Table 4 presents the similarity/dissimilarity matrix based on the distance measurement 𝑑2. The smallest entries are also associated with the pairs (human, chimpanzee) with 𝑑2=0.0087, (human, gorilla), with 𝑑2=0.0074, and (gorilla, chimpanzee), and with 𝑑2=0.0112. We find that the largest entry (𝑑2=0.1139 ) is associated with (gallus, lemur), and the rows corresponding to gallus and opossum have larger entries, which is also consistent with the facts that gallus is the only nonmammalian species among these 11 species and opossum is the most remote species from the remaining mammals. The observed facts in Table 4 are consistent with the previously reported results in [5, 9, 12, 14, 15] as well. And the distance between goat and bovine (𝑑2=0.0109 ) is also much smaller as we expect.

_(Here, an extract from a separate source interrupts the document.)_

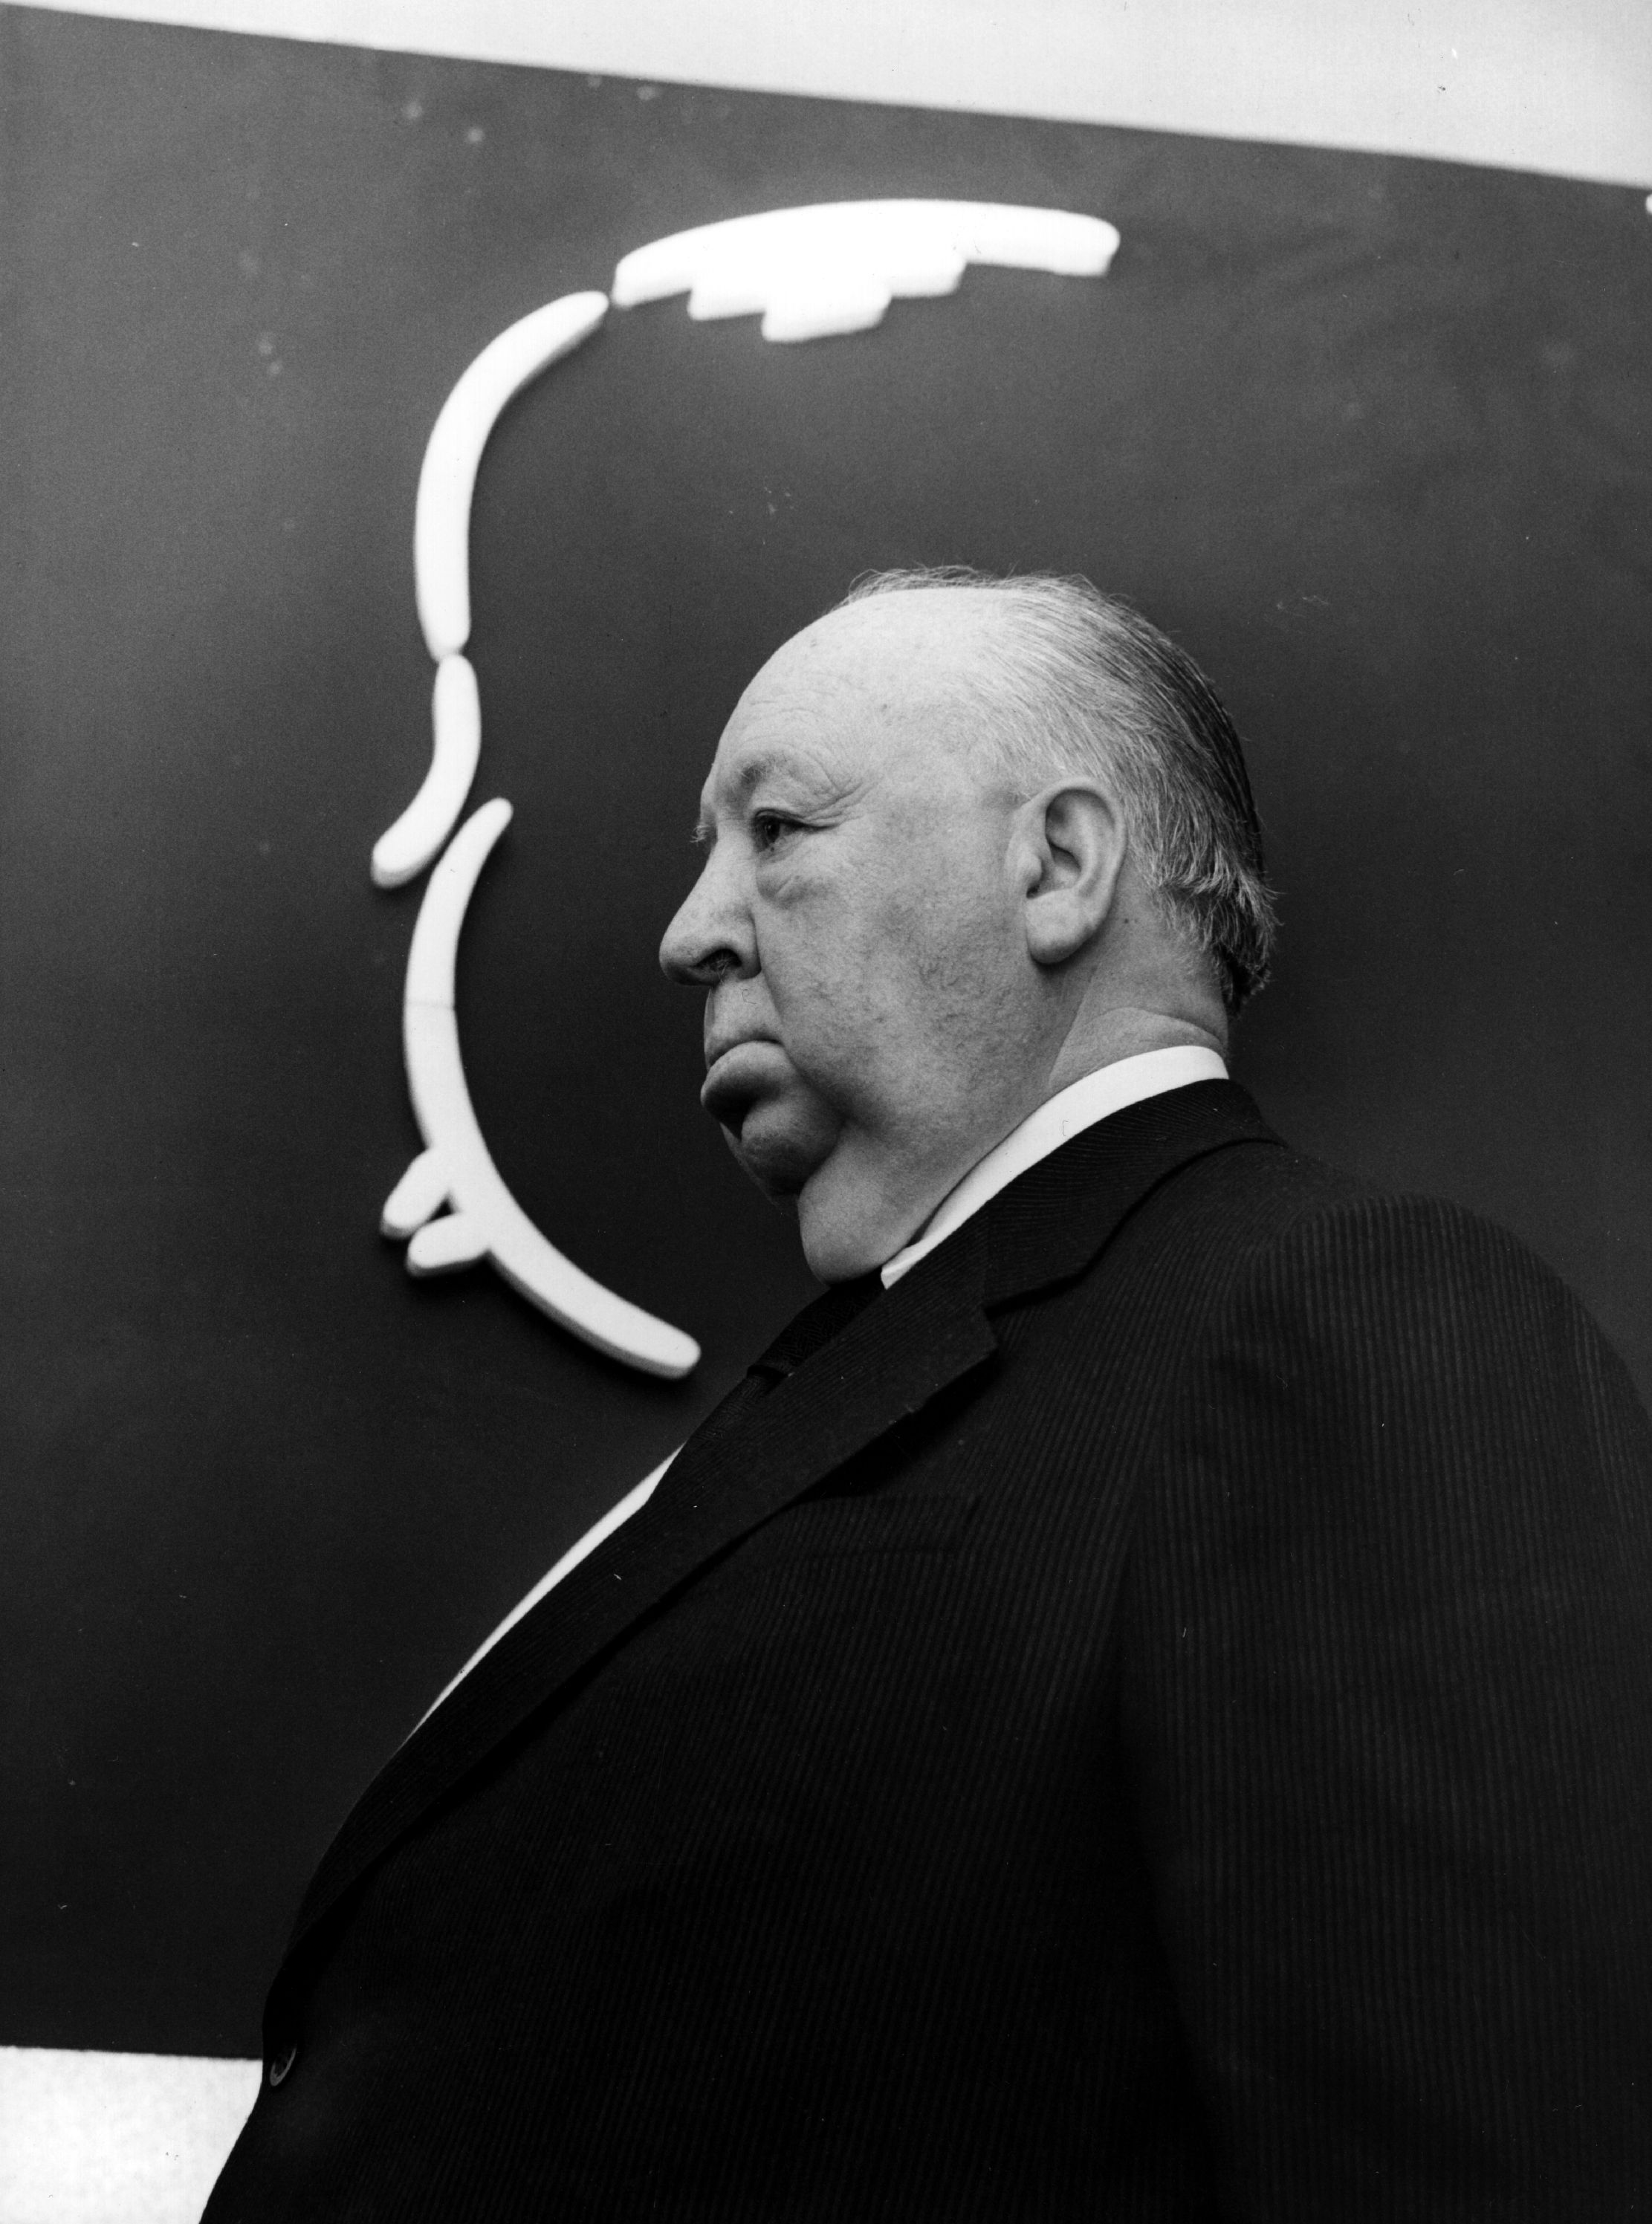 Am Ende seiner langen Karriere wurde Hitchcock oft vorgeworfen, sich nur noch selbst zu kopieren und die Marke Hitchcock auszuschlachten

We can see that there is an overall qualitative agreement between Tables 3 and 4. To see it visually, we denote the degree of dissimilarity/similarity of the pair human-gorilla as 1 in each table, then the results of the examination of the degree of dissimilarity/similarity between human and other several species under the two distance measurements are shown in Figure 1. We can see that the curvilinear trend of these two curves are almost the same, which demonstrates the overall agreement among dissimilarity/similarities obtained by these two distance methods.

4.2. Discussion

For the above exon-1 coding data of 11 species, 𝑑0 is chosen to be 21 followed by (7). A 336-dimensional vector is used to characterize each DNA sequence under the second distance measure. To confirm the efficacy of the vectors constructed in this high-dimensional data representation, we perform principal component analysis (PCA) on these 336 parameters. Figure 2(a) shows the projection of the 11 vectors on a 2D property space composed of the top two principal components PC1, PC2. We can see that in the 2D space, gallus (labeled by “”) and opossum (labeled by “”) are furthest from the other 9 species, and human, chimpanzee, and gorilla are very close to each other. These result are consistent with what we have got from Table 4. Note that these top two principal components contribute 48% (see Figure 2(b)) to the total information. Some information is lost when we do the projection, for example, bovine seems much closer to rabbit than goat in the 2D projection, but we know this is not true in Table 4 when all 336 parameters are considered. However, this rough approximation confirms that our mathematical descriptor characterizes DNA sequence structure effectively.

5. Conclusion

In this paper, we have presented a new method based on dinucleotide frequencies for DNA sequence comparison. The dinucleotide frequency matrix and dinucleotide frequency vector are used to mathematically characterize a DNA sequence. The most important feature of this method is that the mathematical descriptors not only involve the frequencies of adjacent 𝑋𝑌 pairs but also nonadjacent 𝑋𝑌 pairs (i.e., when 𝑋 and 𝑌 are separated by various number of nucleotides), such that a lot of important information is avoided to lose. This new method does not require sequence alignment or sequence graphical representation, which avoids the complex calculation found in either sequence alignment or sequence graphical representation. The method is very simple and fast, and it can be used to analyze both short and long DNA sequences with high efficiencies.

Acknowledgments

This work is supported partly by Shandong Province Natural Science Foundation of China with no. ZR2010AQ018 and no. ZR2011FQ010 and partly by Independent Innovation Foundation of Shandong University with no. 2010ZRJQ005. This project also has been partially supported by a WV EPSCoR Grant and an NSA Grant H98230-12-1-0233.